The NIC Preserves R Lemma implies that there exists a NIC transition  $i \rightarrow_{NIC} i'$  such that r'Ri' holds.  $i \leadsto_{ideal} i'$  according to a reasoning similar to the one presented in the last two paragraphs in subsection 6.4.4.2, but with respect to the NIC transition rules in Subsection 5.3.2.2 and NT.

### 6.4.5 Lemma VI Implied by Lemma IV and Lemma V

This subsections describes how Lemma IV and Lemma V imply Lemma VI:

 $\forall r \in RLM.S. \ \exists i \in ILM.S. \ r \ R \ i.$ 

This description relies on that each state  $r \in RLM.S$  is visited by some execution trace  $\psi \in RLM.\Pi$ . Considering the definition of RLM, it is not obvious that this is true. The following is a reasoning of that each state  $r \in RLM.S$  is visited by some execution trace  $\psi \in RLM.\Pi$ .

Let  $r \in RLM.S$ . By the definition of RLM.S,  $r \in RM.S \land CPUL(r)$  holds.  $r \in RM.S$  implies that r is visited by an execution trace  $\pi \in RM.\Pi$  starting from  $r_0 \in RM.IS$ . For any state, the non-deterministic scheduler of the device model framework can always select the CPU model to describe the next transition from that state. There exists therefore an execution trace that visits r such that r is followed by a CPU transition. Let  $\pi$  be such an execution trace. That is, r is visited by  $\pi$  such that  $\pi$  includes a CPU transition starting from r.
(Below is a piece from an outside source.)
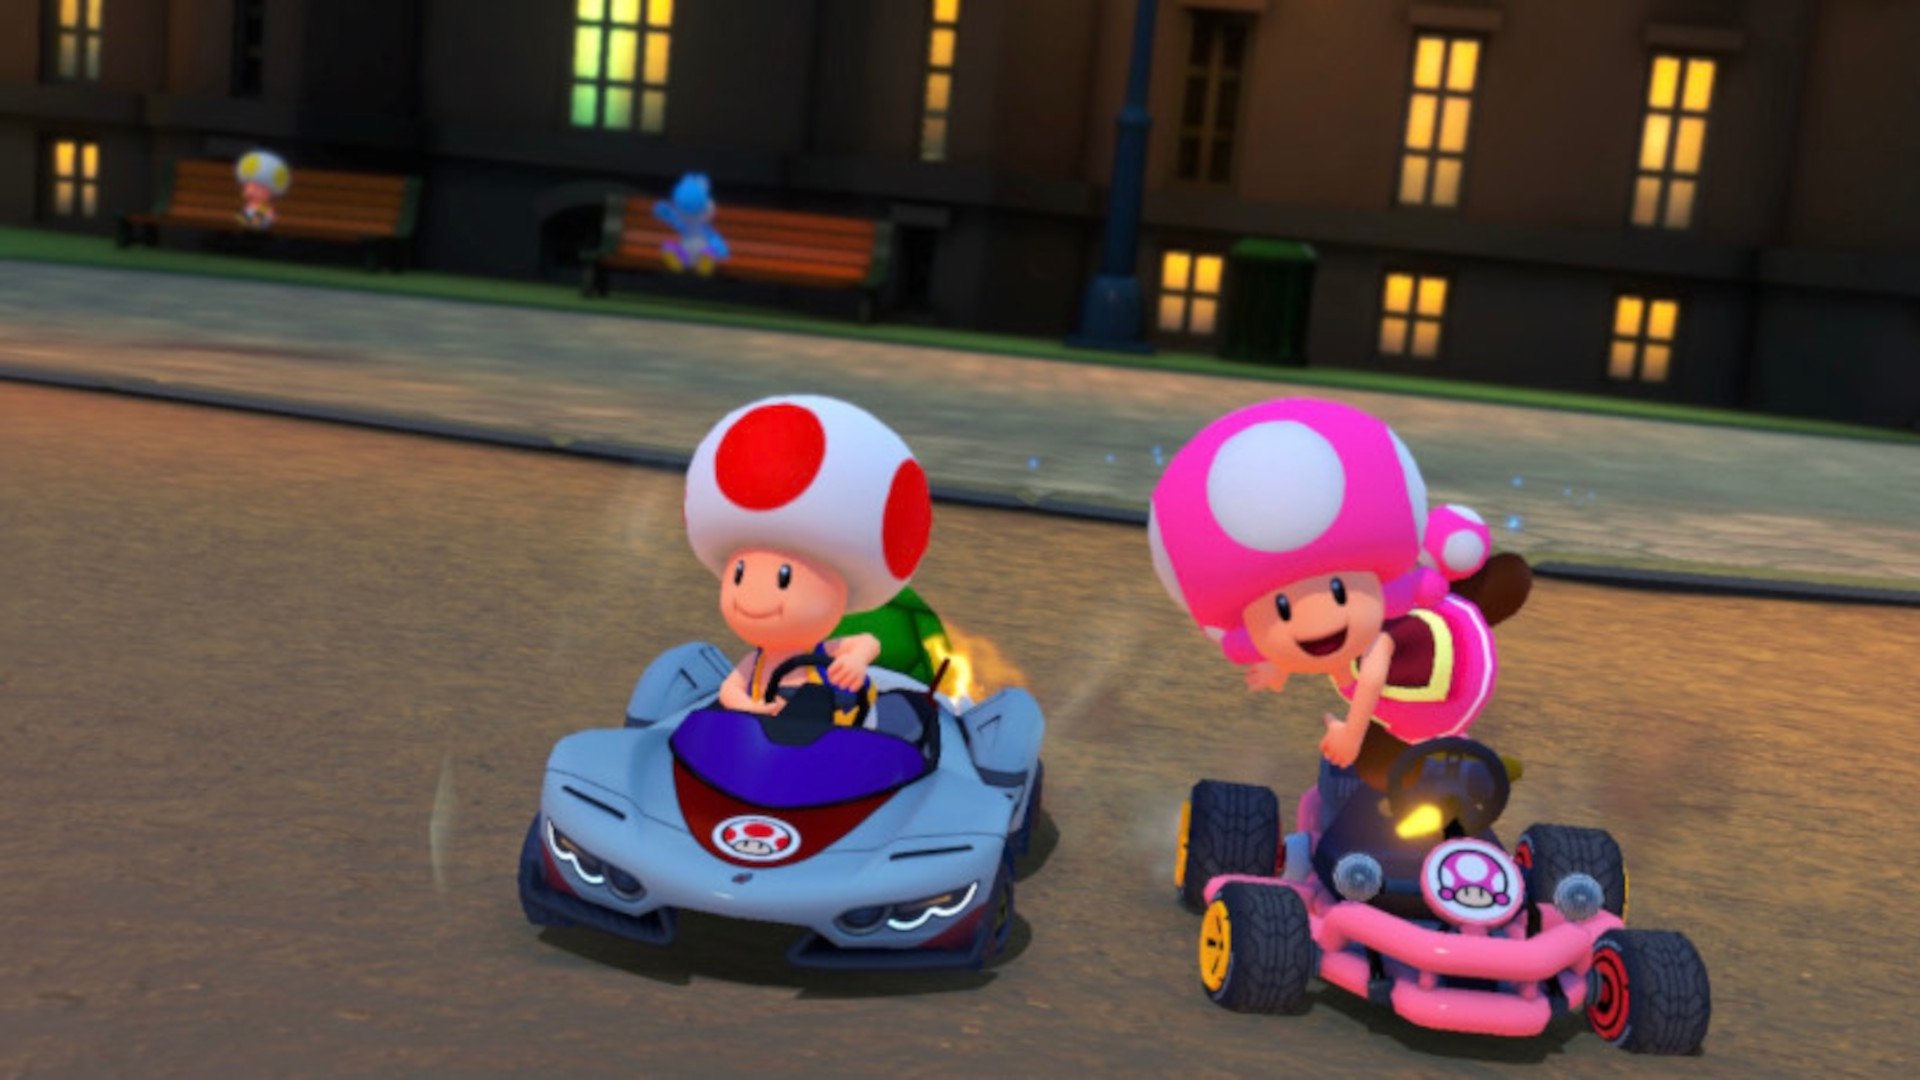 Mario Kart Tour To Enter Maintenance Mode In October - News

By definition, RLM.IS = RM.IS, and therefore  $r_0 \in RLM.IS$ . According to the definitions of  $RLM.\delta$  and  $RLM.\Pi$ , and since  $r_0 \in RLM.IS$ ,  $\pi$  gives rise to a sequence of transitions in  $RLM.\delta$  that constitutes an execution trace  $\psi \in RLM.\Pi$ . By the definition of  $RLM.\delta$ , each such transition corresponds either to a Linux transition, an exception handler transition or a NIC transition. Considering the definitions of these three types of transitions, LT, EHT and NT, only the transitions in  $\psi$  defined by EHT and NT can cause  $\psi$  to omit r.

Each transition in  $\psi$  defined by *EHT* corresponds to some sub-execution trace  $\pi[a:e]$ . *EHT* is defined in terms of *EH* and *TNT*, each describing one part of  $\pi[a:e]$ :

- *EH* describes the first part of  $\pi[a:e]$ ,  $\pi[a:c]$ ,  $a < c \le e$ , which consists of transitions describing the execution of an exception handler. All of the states visited by  $\pi[a+1:c-1]$  do not satisfy *CPUL* while  $\pi_{[a]}$  and  $\pi_{[c]}$  satisfy *CPUL*. Since r satisfies *CPUL*, r is not visited by  $\pi[a+1:c-1]$ .
- TNT describes the second part of  $\pi[a:e]$ ,  $\pi[c:e]$ ,  $a < c \le e$ , which consists of NIC transitions, and where the transition from  $\pi_{[e]}$  is a CPU transition. Since r is followed by a CPU transition in  $\pi$ , r is not visited by  $\pi[c:e-1]$ .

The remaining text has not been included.